### Exercise goal
Repeat the listing below line by line, exactly, leaving its pictures behind.

### Dataset excerpt
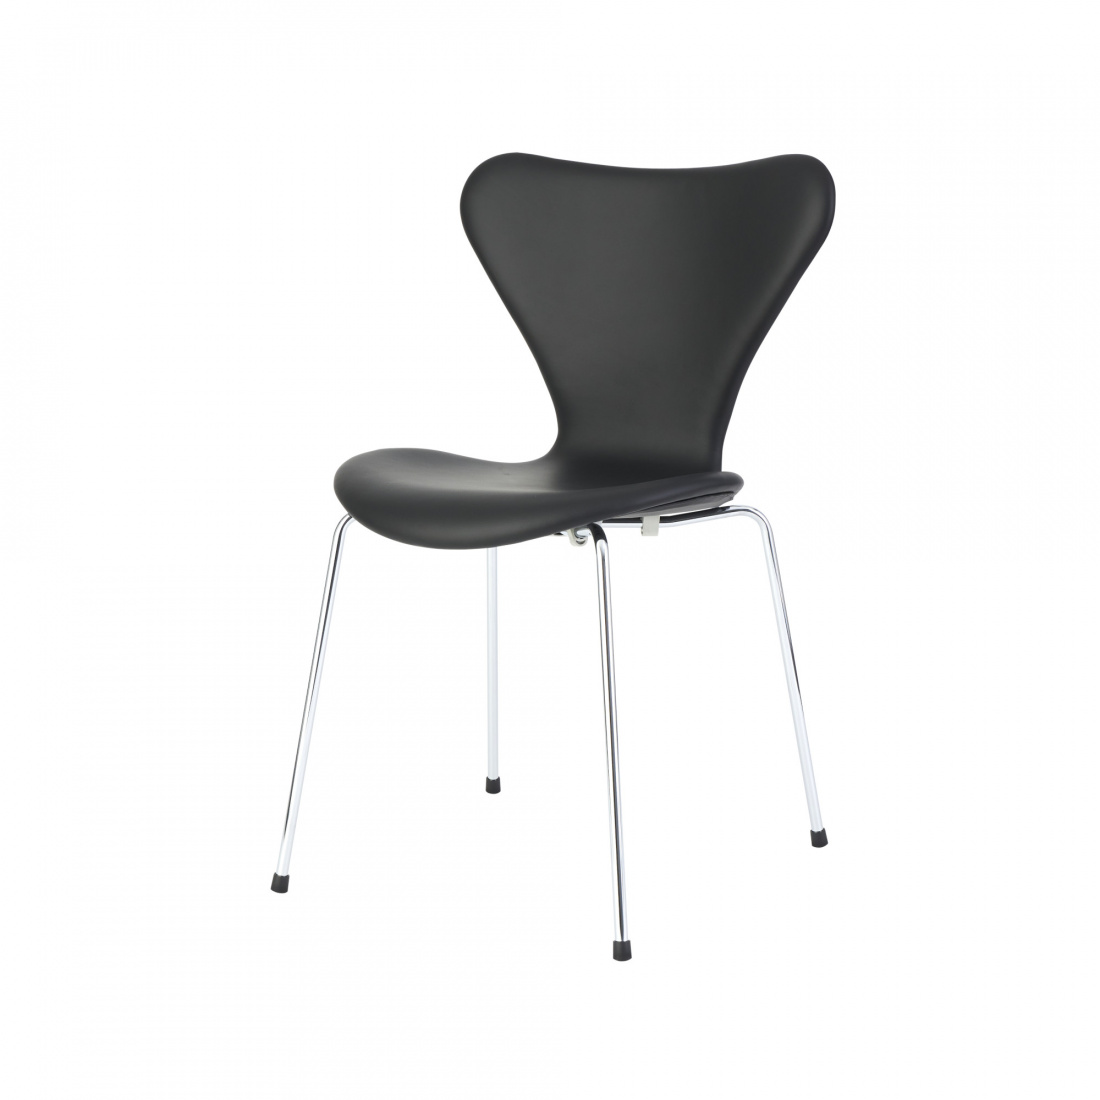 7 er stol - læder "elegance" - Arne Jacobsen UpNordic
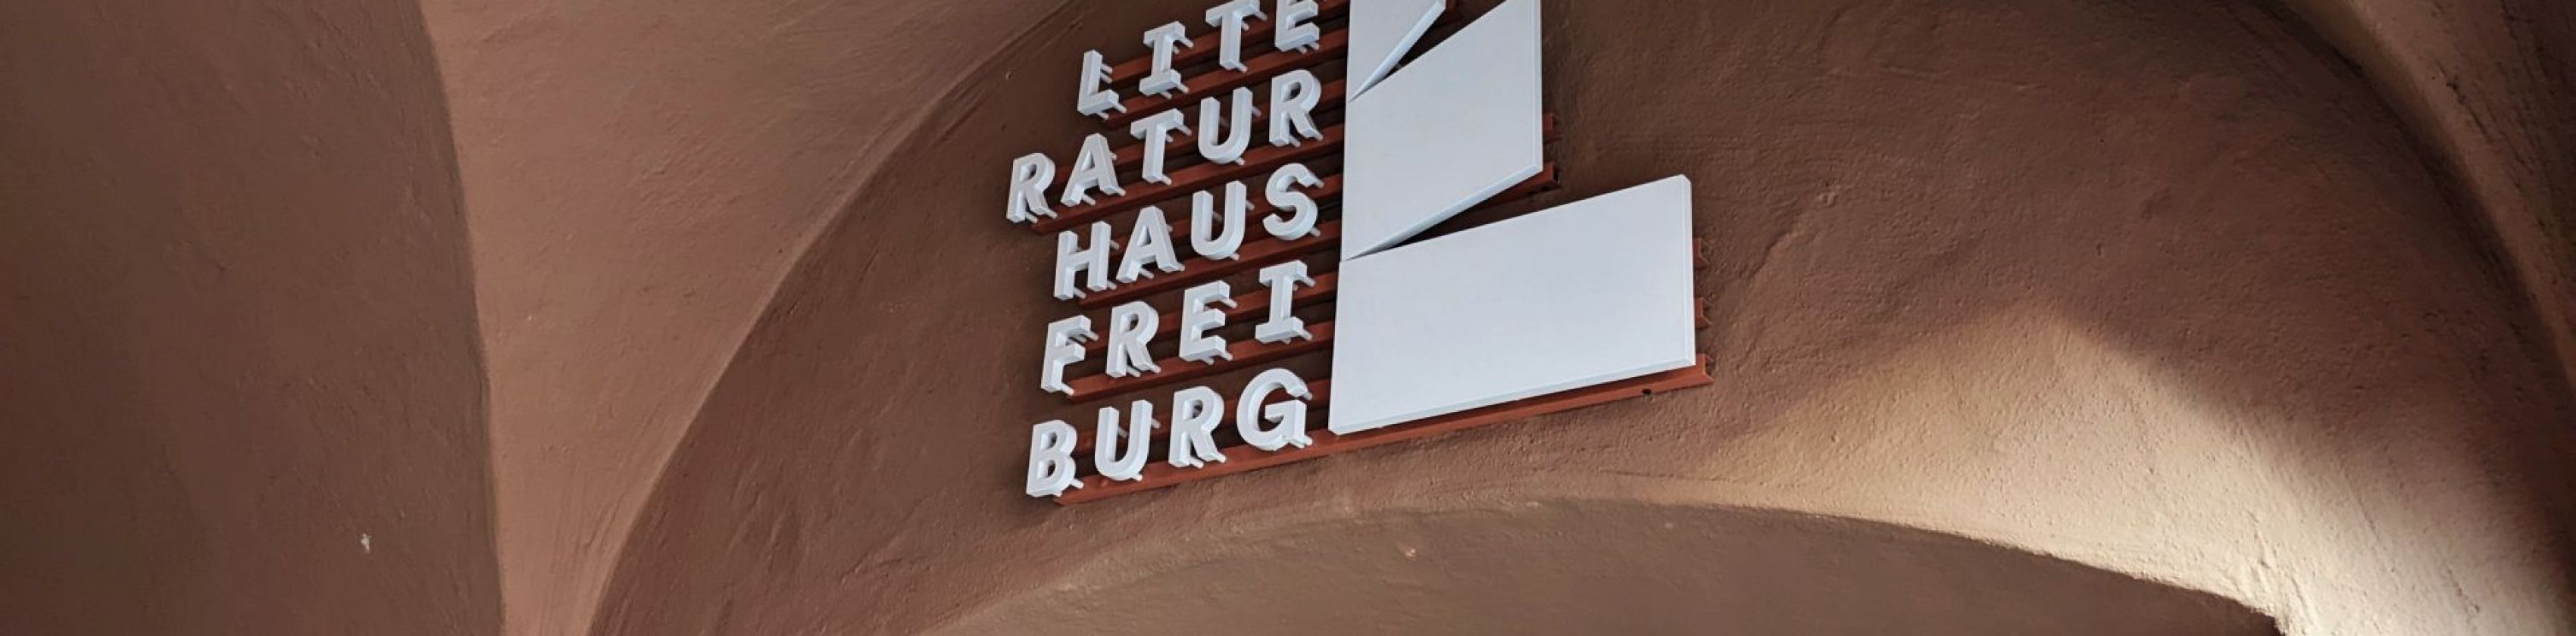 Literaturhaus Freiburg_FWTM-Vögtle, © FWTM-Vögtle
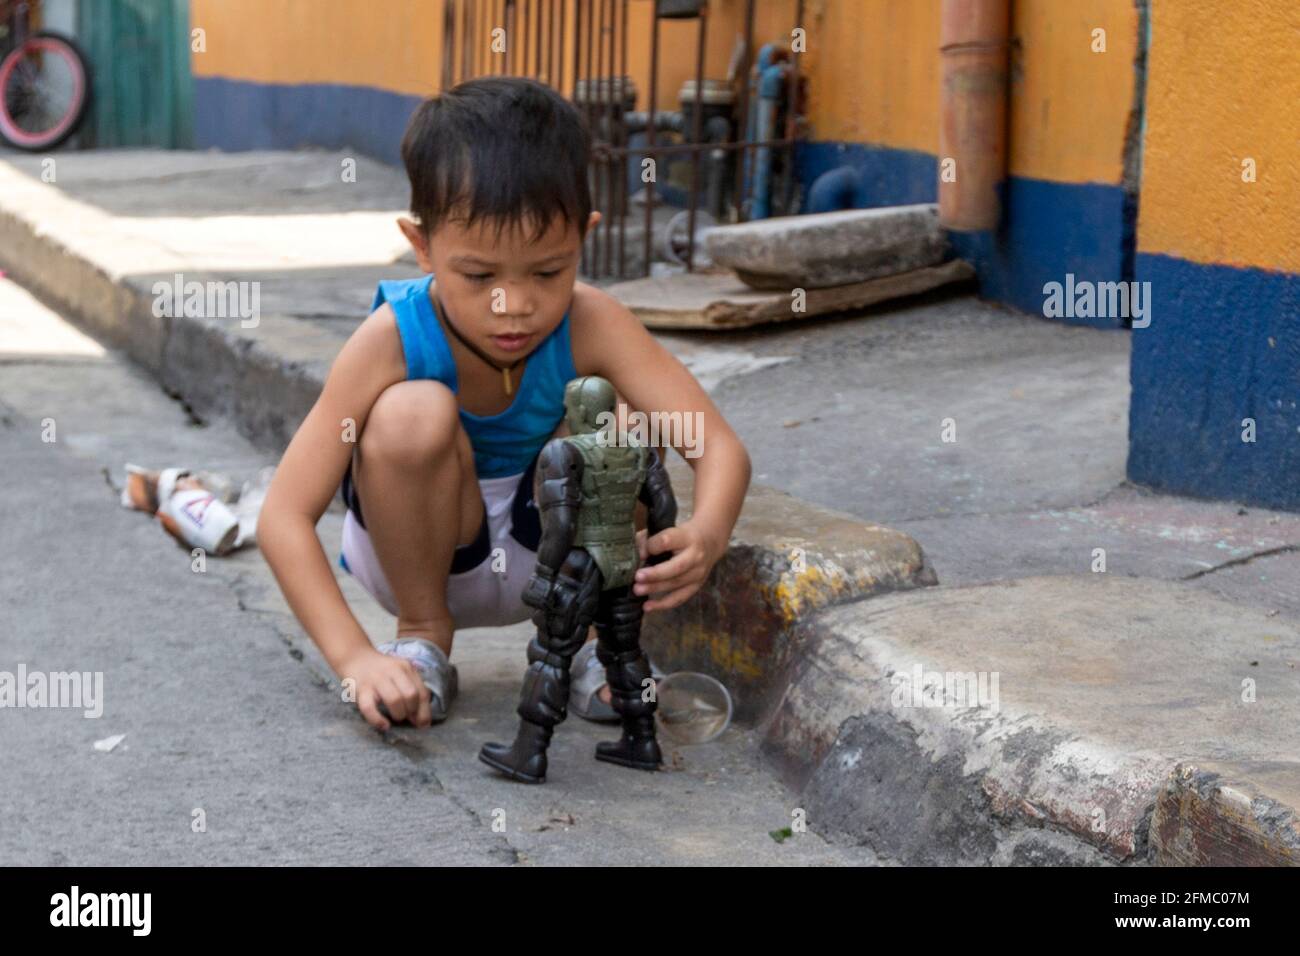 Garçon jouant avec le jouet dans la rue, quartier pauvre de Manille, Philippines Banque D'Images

### The completed task
 7 er stol - læder "elegance" - Arne Jacobsen UpNordic
 Literaturhaus Freiburg_FWTM-Vögtle, © FWTM-Vögtle
 Garçon jouant avec le jouet dans la rue, quartier pauvre de Manille, Philippines Banque D'Images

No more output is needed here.